In EPP-ASM, I did as you suggested and calculated Xhivn[g]
and incrate_g[g]
(incidence rate 15-49 by sex) outside of the per-time step loop.
It feels slightly incongruous to me that total infections and incidence by sex is calculated based on the population at t-1
and incidence by age is calculated at time t
. But not strongly enough to suggest changing now.
Later we might want to loop back to consider if a different handling might give better correspondence with EPP. In EPP-ASM when infections are calculated based on r(t), we took some care to adjust the 15-49 population each time step to avoid jagged incidence pattern.
There is a small difference in the allocation of new infections by age between Spectrum and EPP-ASM / leapfrog.
From interrogating, I believe the discrepancy arises from some difference about how age groups are handled where the Beers interpolation of the age IRRs goes <0.
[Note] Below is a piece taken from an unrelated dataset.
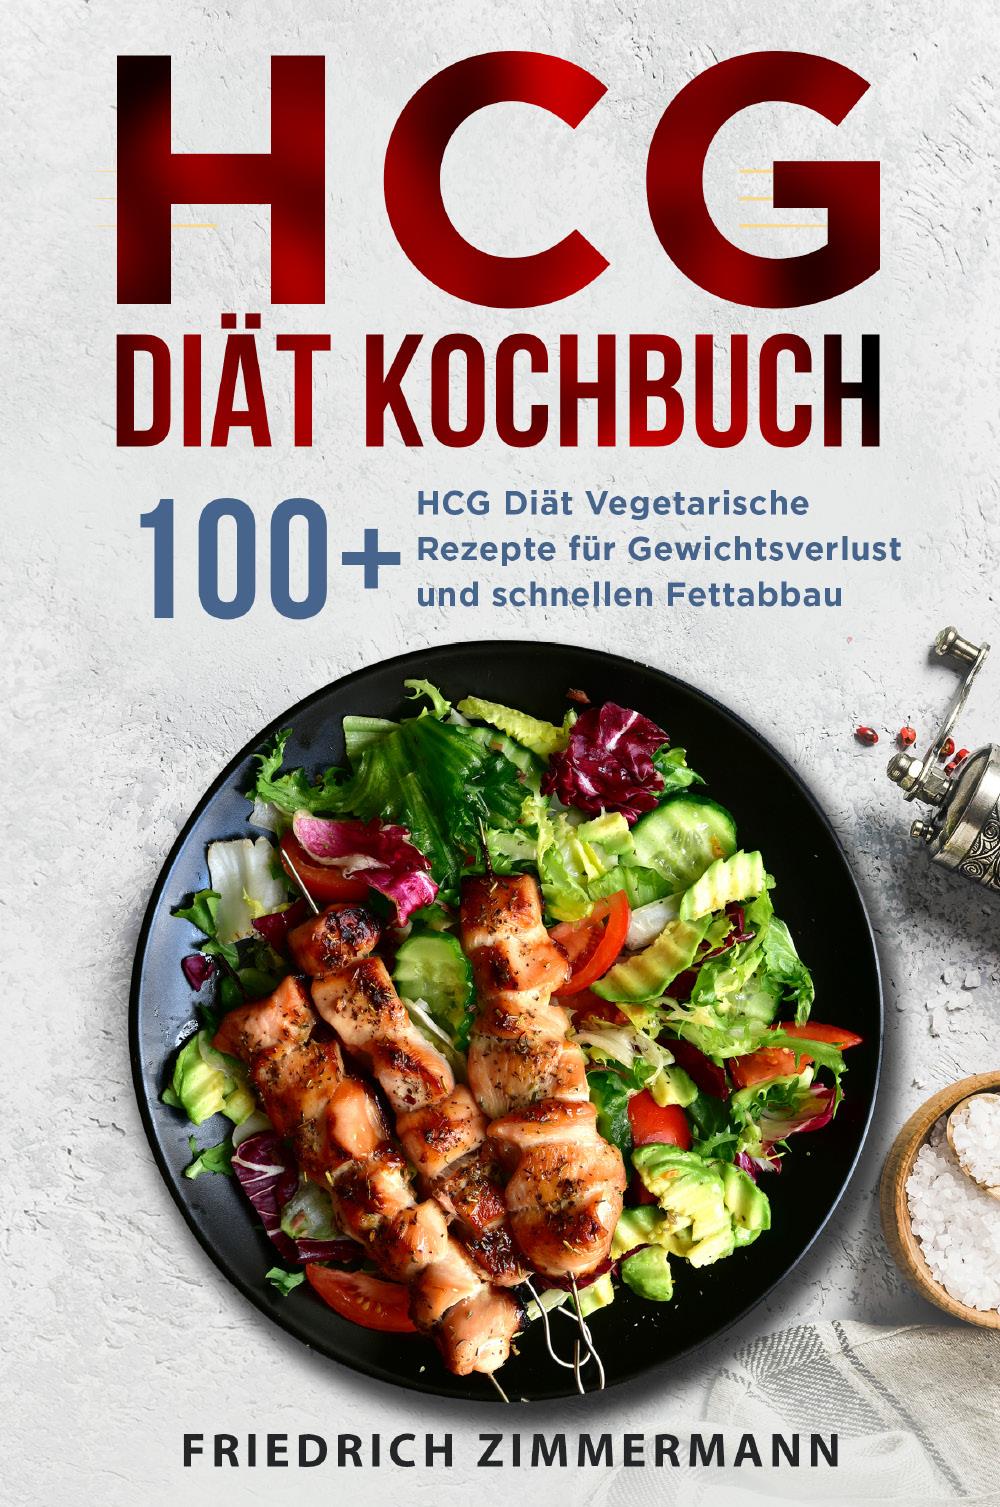 HCG Diät Kochbuch

In EPP-ASM, the IRRs for age groups where the Beers interpolation goes <0 are simply set = 0: https://github.com/mrc-ide/eppasm/blob/206139f764ffd787a24fcb3580ec5fc80cc0e6d3/R/spectrum.R#L135-L137
In Spectrum, these same age groups get 0 infections, but the number of infections allocated in surrounding age groups is quite different.
I have created a test example here: bwa_age-45to49-infections-in-1980_spectrum-v6.13_2022-08-05.PJNZ.zip
In this file:
The same number of infections in age 15-49 by sex, but the distribution over ages is different.
Code to reproduce example
Use file: bwa_age-45to49-infections-in-1980_spectrum-v6.13_2022-08-05.PJNZ.zip
Output
This difference is much more extreme than we see when there are a reasonable pattern of incidence rate ratios; but an extreme example is useful for debugging.